#### What needs to be done:
The answer must reproduce exactly the lines from the one with "Classy One-of-a-kind chandelier" through the end of the material, and it must contain no pictures.

#### Data excerpt:
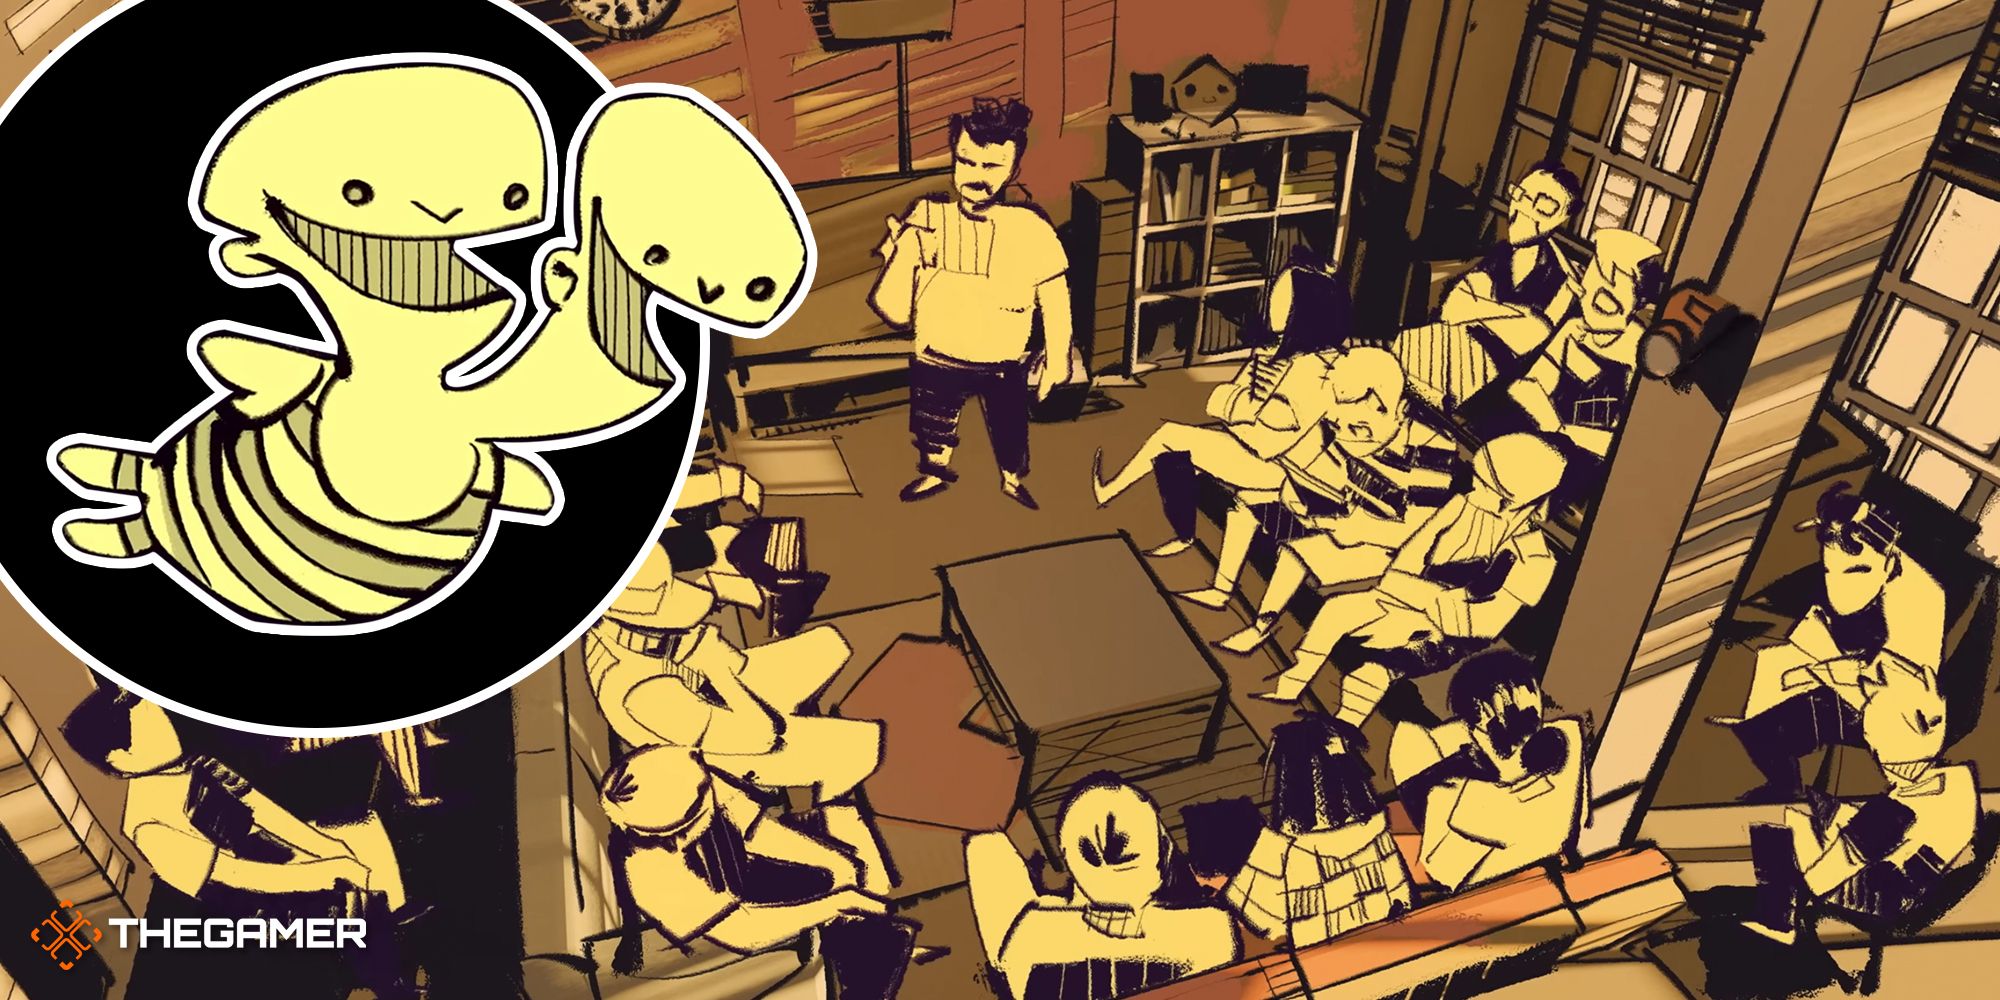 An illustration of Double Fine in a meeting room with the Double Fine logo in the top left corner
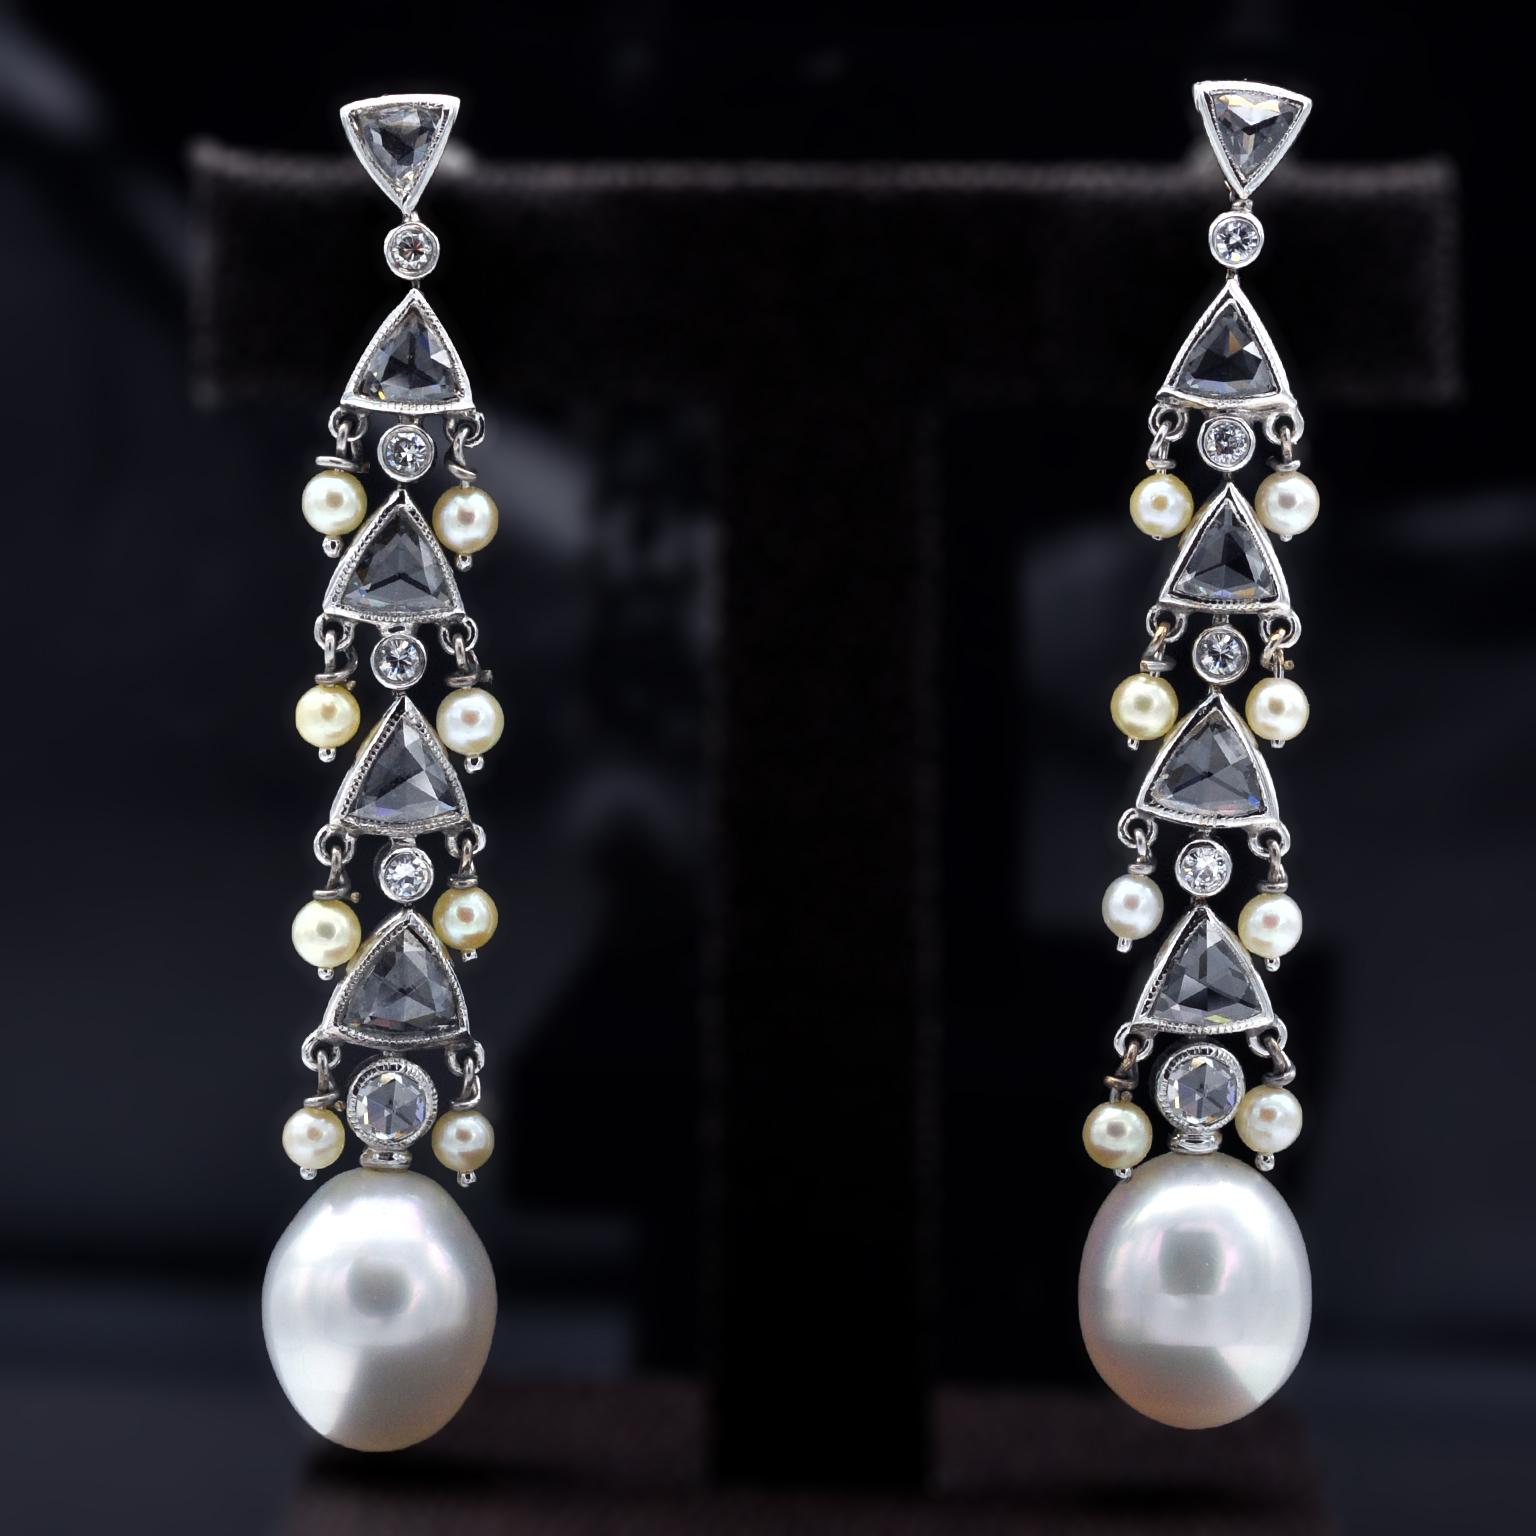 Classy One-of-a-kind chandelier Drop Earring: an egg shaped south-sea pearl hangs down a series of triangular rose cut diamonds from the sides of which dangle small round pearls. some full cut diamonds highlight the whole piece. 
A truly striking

#### Response box:
 Classy One-of-a-kind chandelier Drop Earring: an egg shaped south-sea pearl hangs down a series of triangular rose cut diamonds from the sides of which dangle small round pearls. some full cut diamonds highlight the whole piece. 
A truly striking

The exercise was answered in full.